[What to work on]
From the material below, set down exactly the lines that run from the one containing "Masonic-Regalia-32-Degree-Scottish-Rite-Metal-Chain-_57" to the one containing "Advisorselect - New", minus the pictures.
==== The input ====
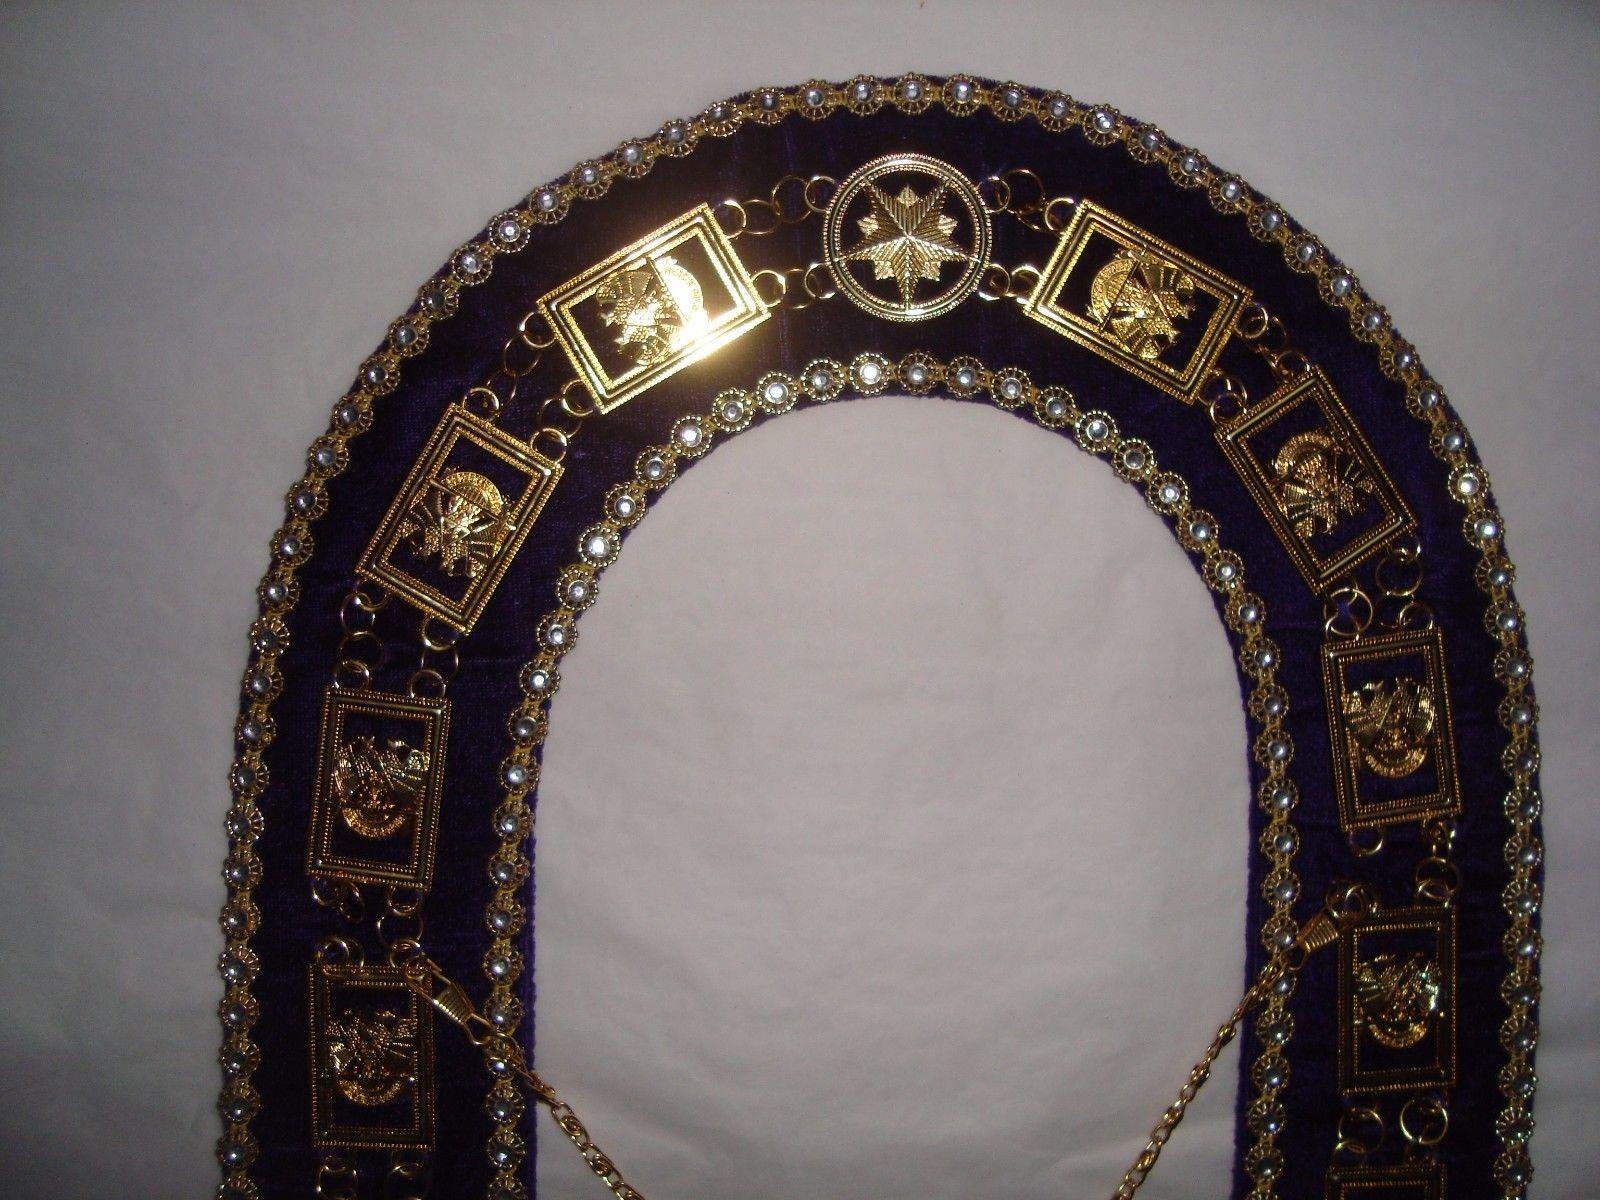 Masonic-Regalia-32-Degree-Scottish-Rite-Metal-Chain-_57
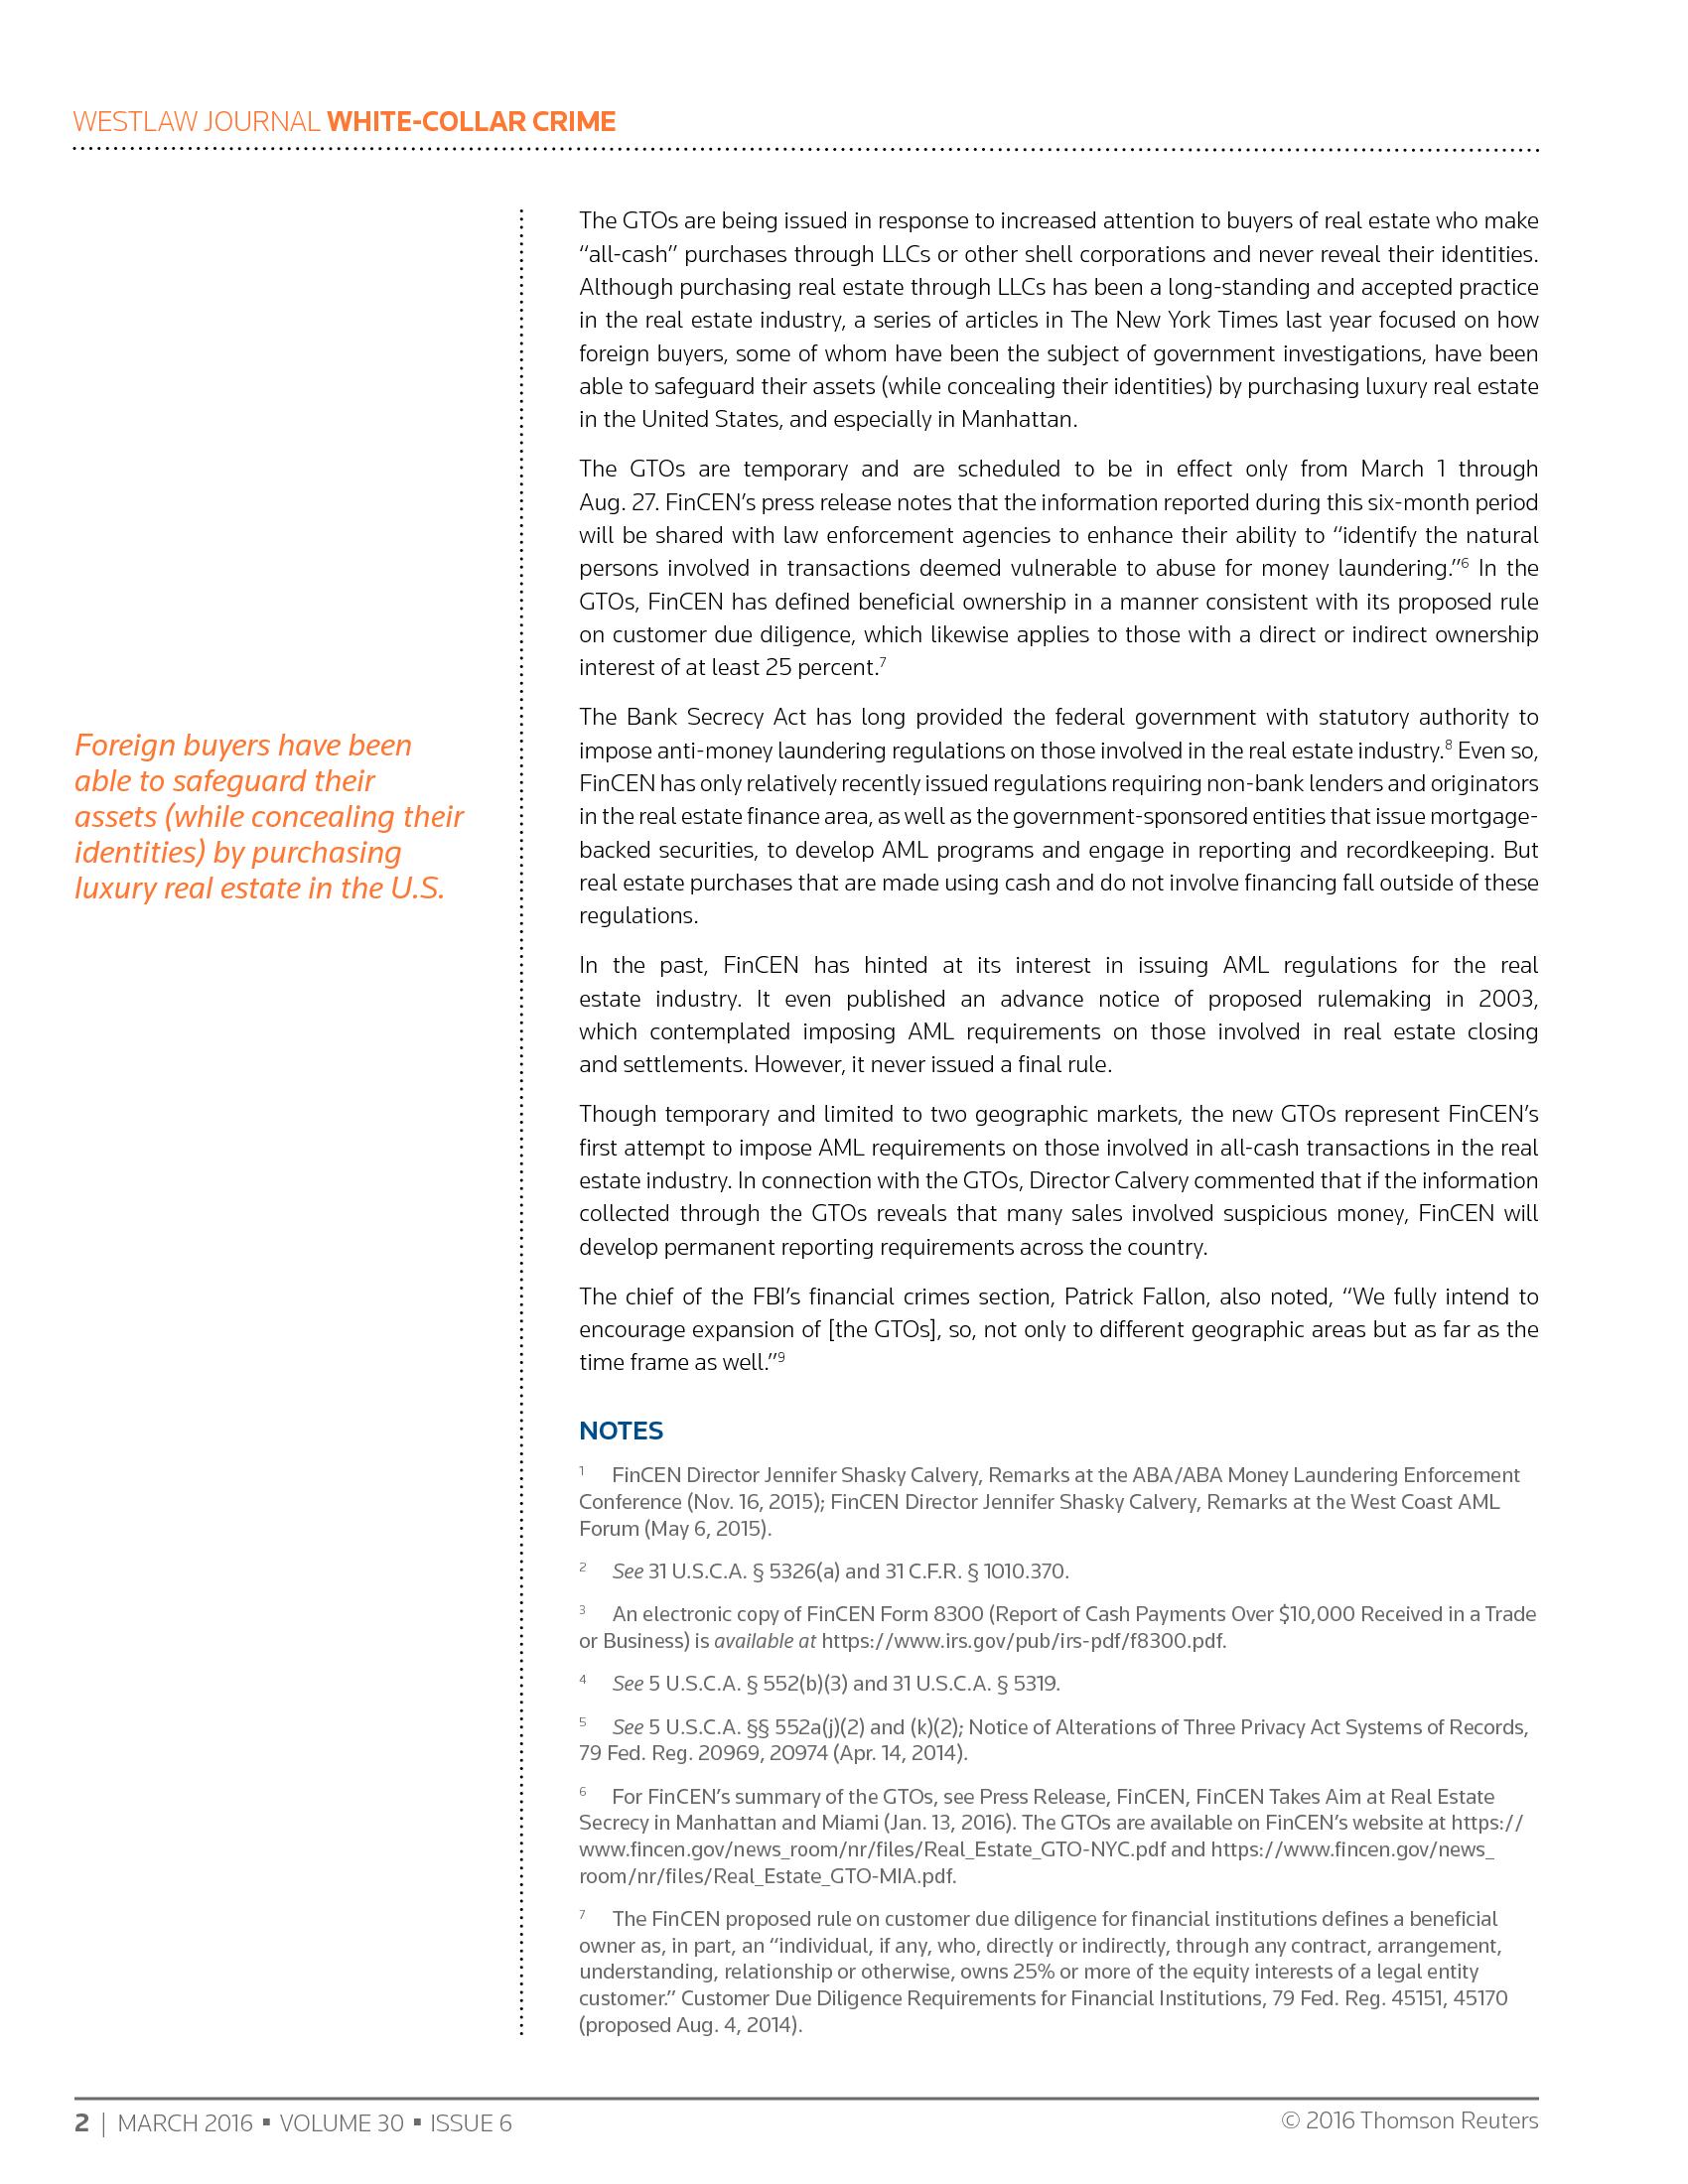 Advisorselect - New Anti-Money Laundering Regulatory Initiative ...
====
==== The input ====
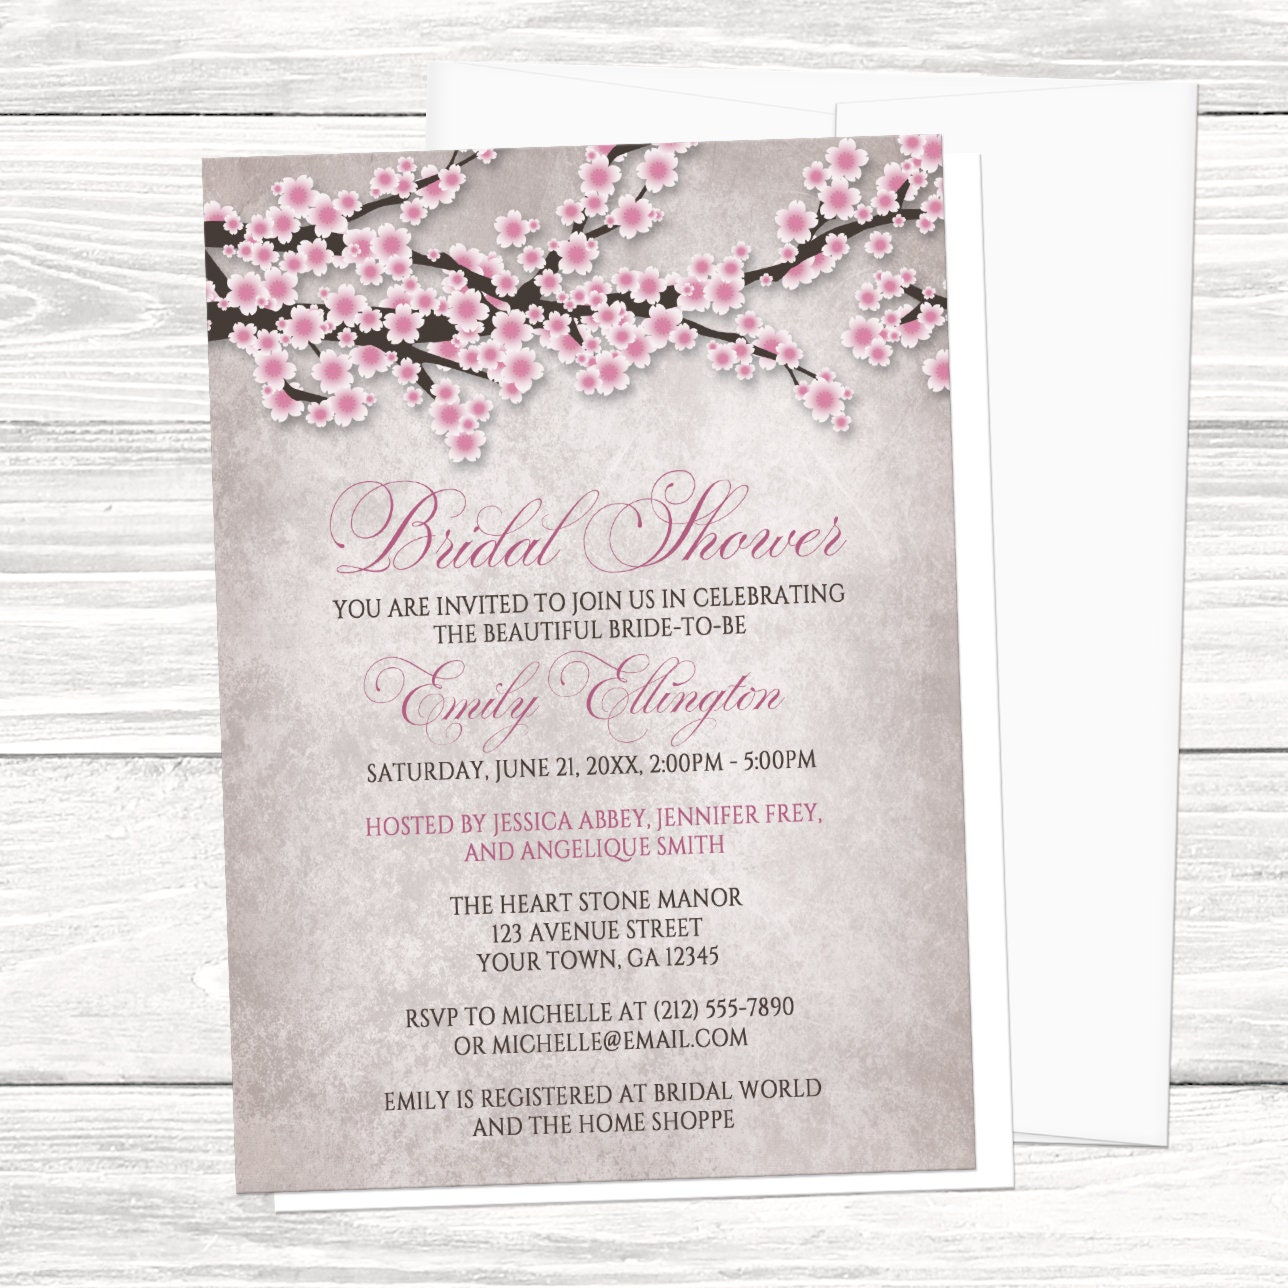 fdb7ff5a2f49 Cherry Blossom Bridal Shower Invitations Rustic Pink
====
[Solution for this task]
 Masonic-Regalia-32-Degree-Scottish-Rite-Metal-Chain-_57
 Advisorselect - New Anti-Money Laundering Regulatory Initiative ...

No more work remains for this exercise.